What do you think of these Mentos?? They are so calm and well mannered.







and a Bald Eagle for JonMikal











and one for Airic.. how lucky is this bro??






thanks for looking!


----------



## woodsac (Dec 12, 2005)

Just awesome Raymond!!!! That eye is super. And the first eagle portrait is crystal :thumbsup:


----------



## Mack (Dec 12, 2005)

What camera you using? stunning work!


----------



## Megip (Dec 12, 2005)

The eye is scary!
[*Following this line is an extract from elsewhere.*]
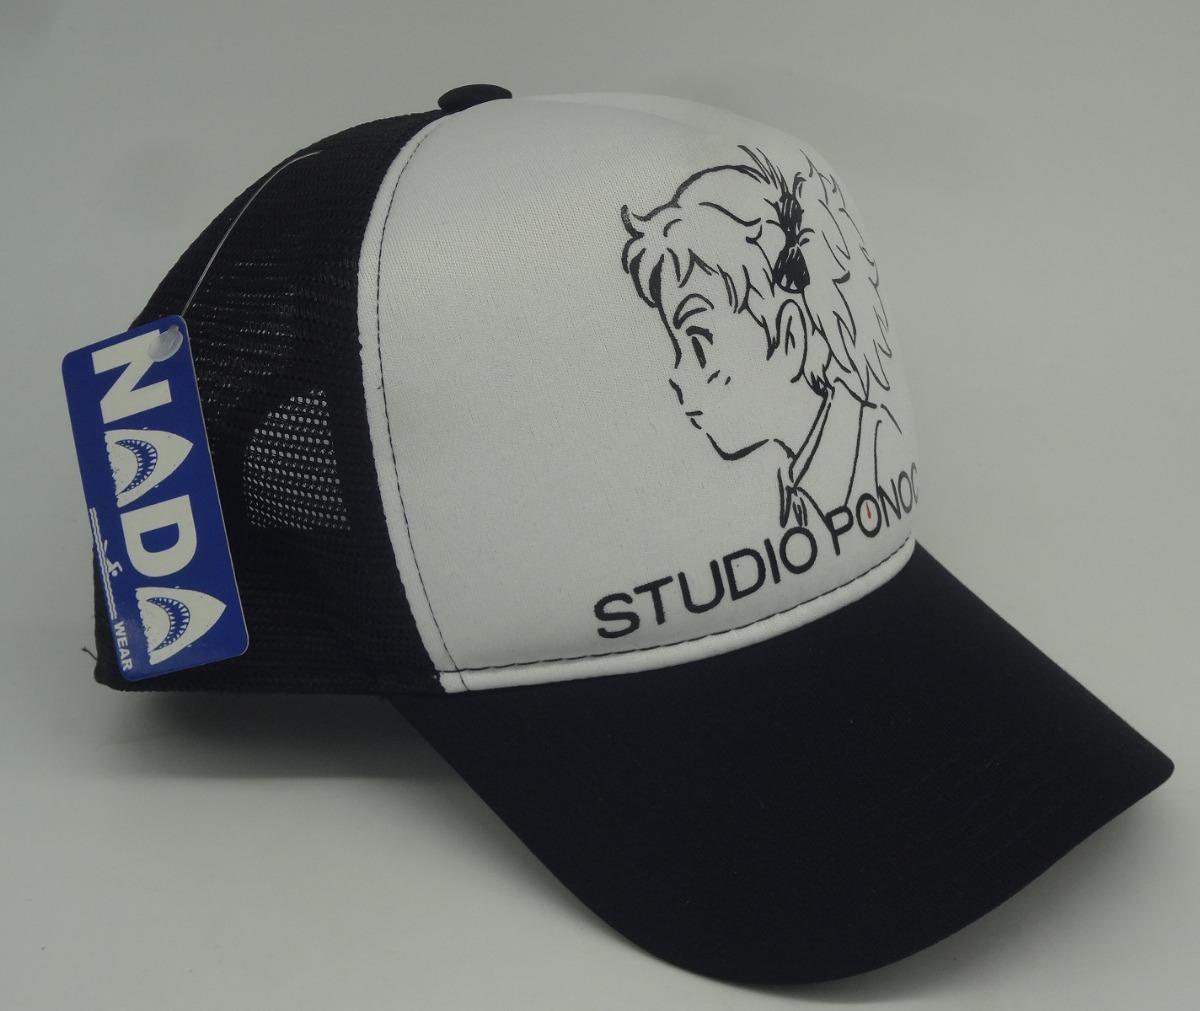 Boné Trucker Cap Studio Ponoc Anime Geek Otaku - R  46 4406bfe2b07

Excellent though.


----------



## doenoe (Dec 13, 2005)

wow, cant believe you caught that third eyelid.....awesome.


----------



## Raymond J Barlow (Dec 13, 2005)

Thanks everyone!  

Mack.. I use the Nikon D70, and the 70-300 nikon lens for most widlife photography.


----------



## Mansi (Dec 13, 2005)

wow Raymond... eagle shots just cant get any better 
#2 ~ razor sharp and great saturation!
neat close-up on the eye! 
thanks for sharing


----------



## Cipriano (Dec 13, 2005)

The eye of the eagle is wonderful, very nice


----------



## JonK (Dec 13, 2005)

wow! super cool on the eye shot :thumbsup: Those are killer shots raymond.


----------



## highbred3d (Dec 13, 2005)

Really like 2, and that eye one, tho i agree that it's pretty creepy, but thats what draws me to it!


----------



## photo gal (Dec 13, 2005)

Superior shots as usual!!!  : )


----------



## mentos_007 (Dec 13, 2005)

well... honestly.. I don't like your horse picture because it is waaaaaaay better than all my horsey pics  pfffff how dare you 

hehe wonderful pictures! As always! and thanks for the thread  special for me 

::


----------



## kelox (Dec 13, 2005)

Great shots Raymond.


----------



## aprilraven (Dec 13, 2005)

raymond.... dang it man, your just blowing me away... i see your name, and just race to open it.... if its not a beautiful little baby...its a killer shot of wildlife...

unreal.  love the eagle shots...and the horses are great...who couldnt love shetlands??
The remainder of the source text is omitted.